EXERCISE DESCRIPTION
The whole listing below must be printed again exactly, images excluded.

INFORMATION PROVIDED
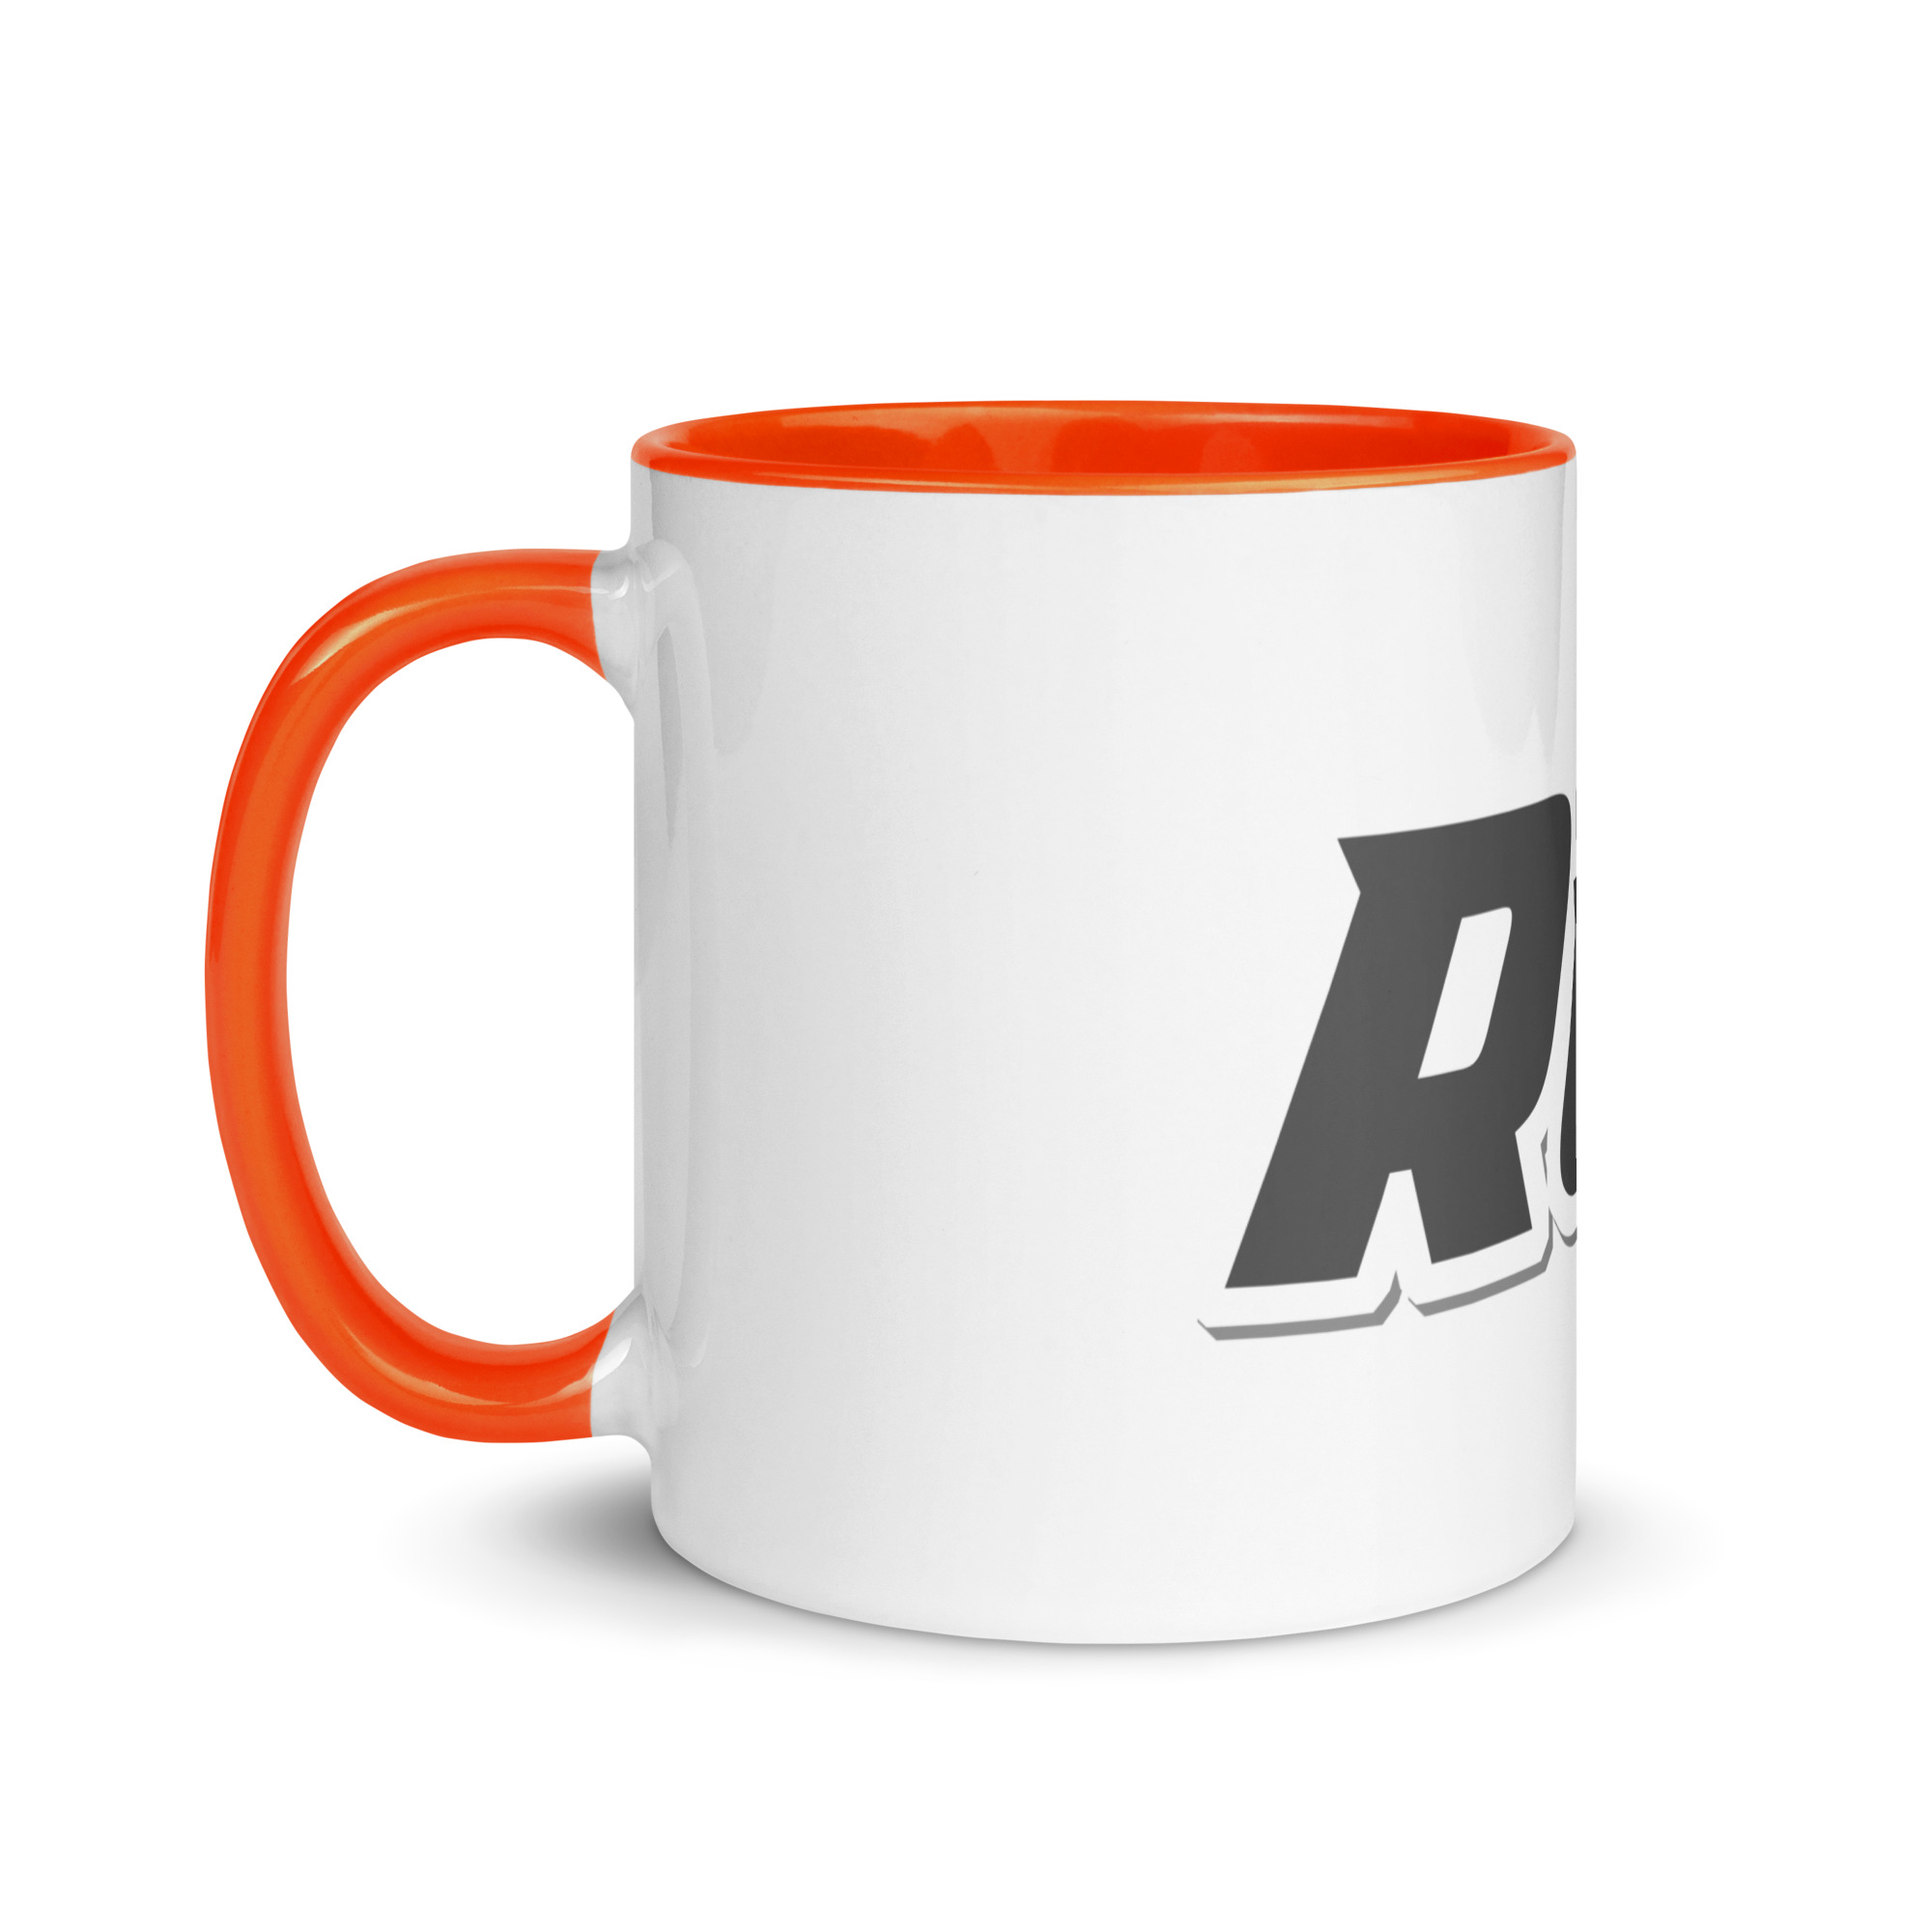 white-ceramic-mug-with-color-inside-orange-11-oz-left-6525b50608fa7.jpg
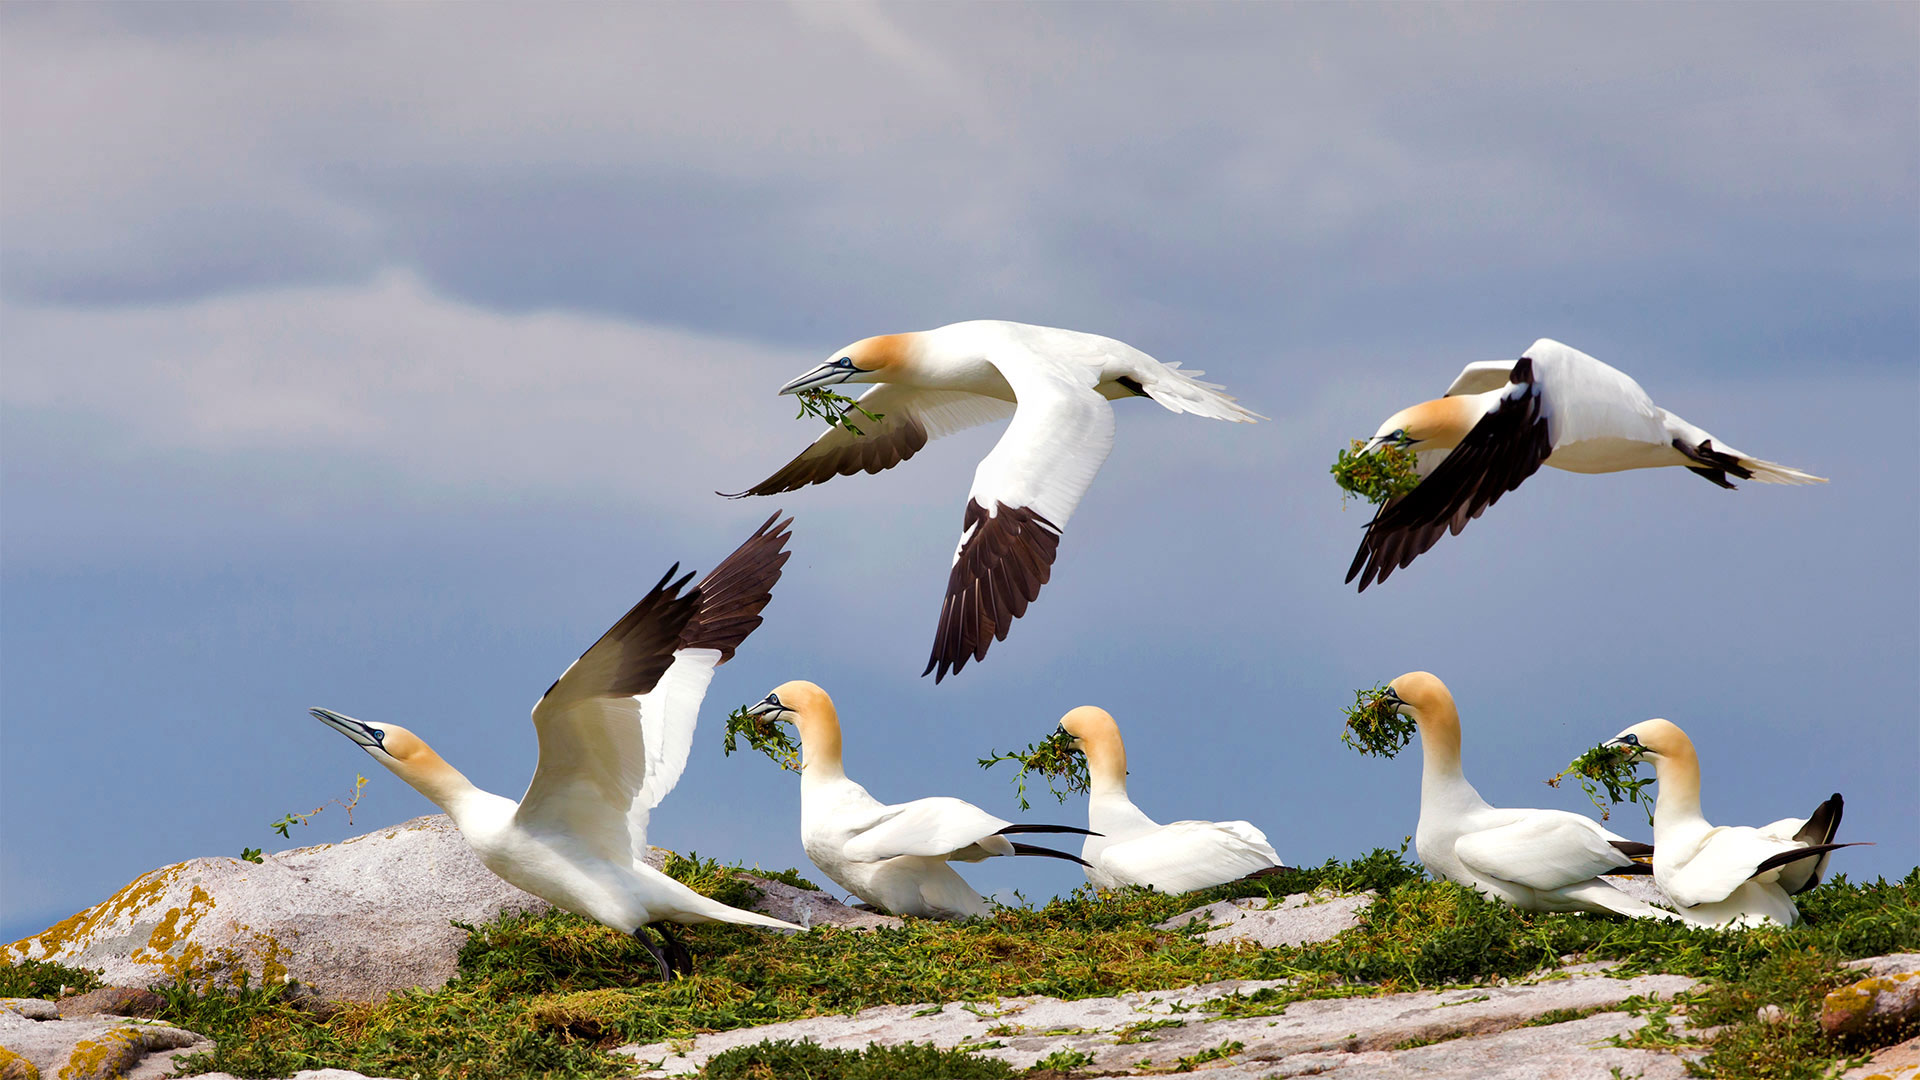 Northern gannets on Great Saltee Island, Ireland - Danny Green
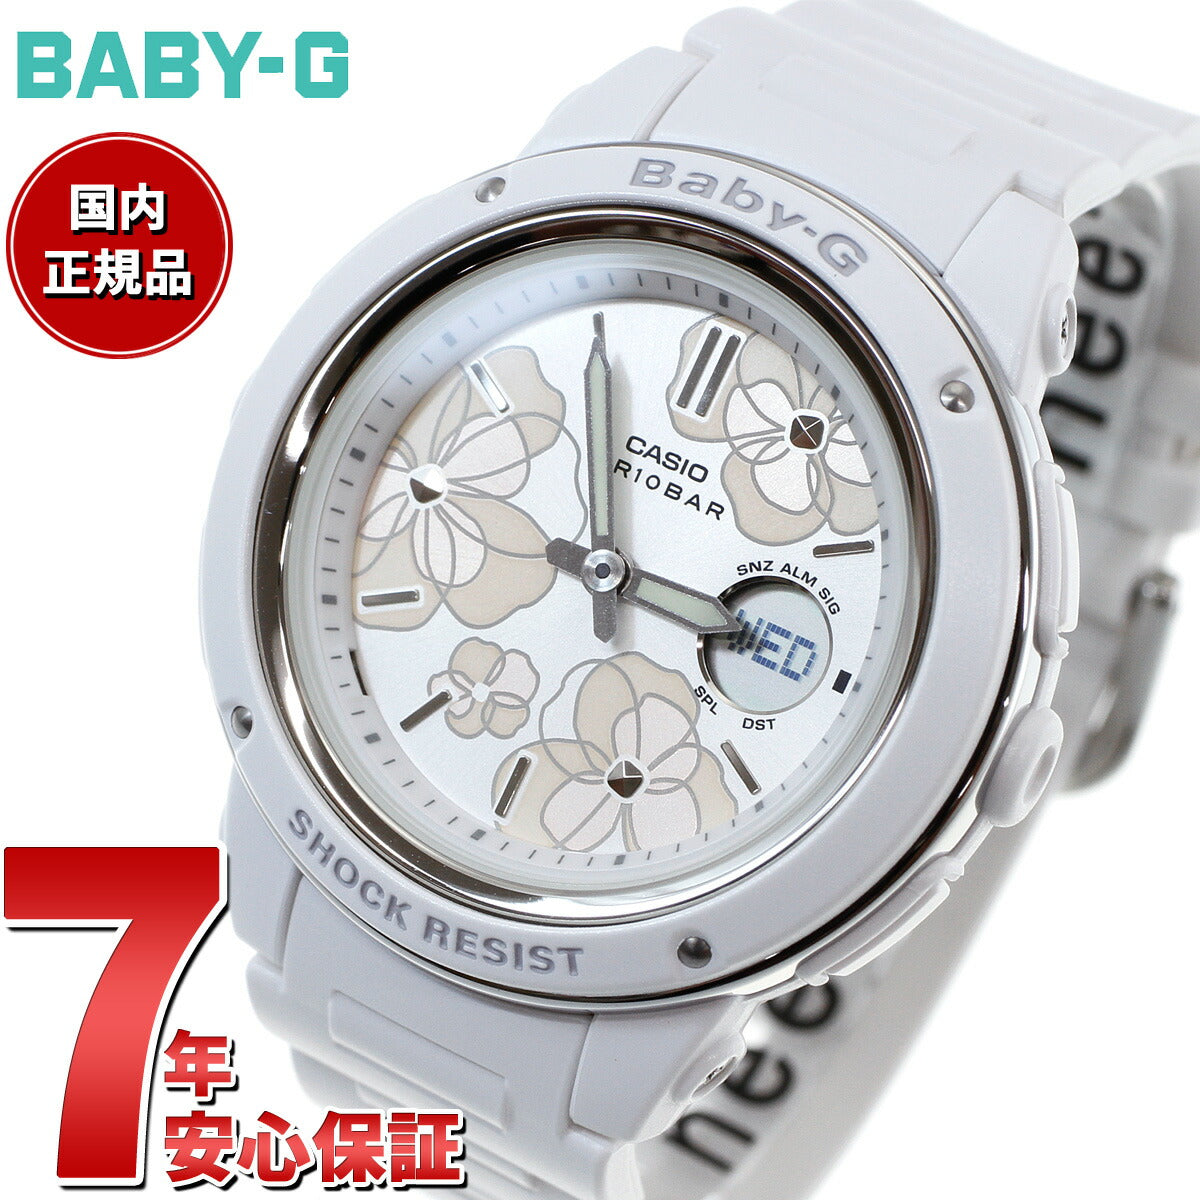 BABY-G カシオ ベビーG レディース 腕時計 フローラル ダイアル 花柄 BGA-150FL-7AJF

RESPONSE TO THE TASK
 white-ceramic-mug-with-color-inside-orange-11-oz-left-6525b50608fa7.jpg
 Northern gannets on Great Saltee Island, Ireland - Danny Green
 BABY-G カシオ ベビーG レディース 腕時計 フローラル ダイアル 花柄 BGA-150FL-7AJF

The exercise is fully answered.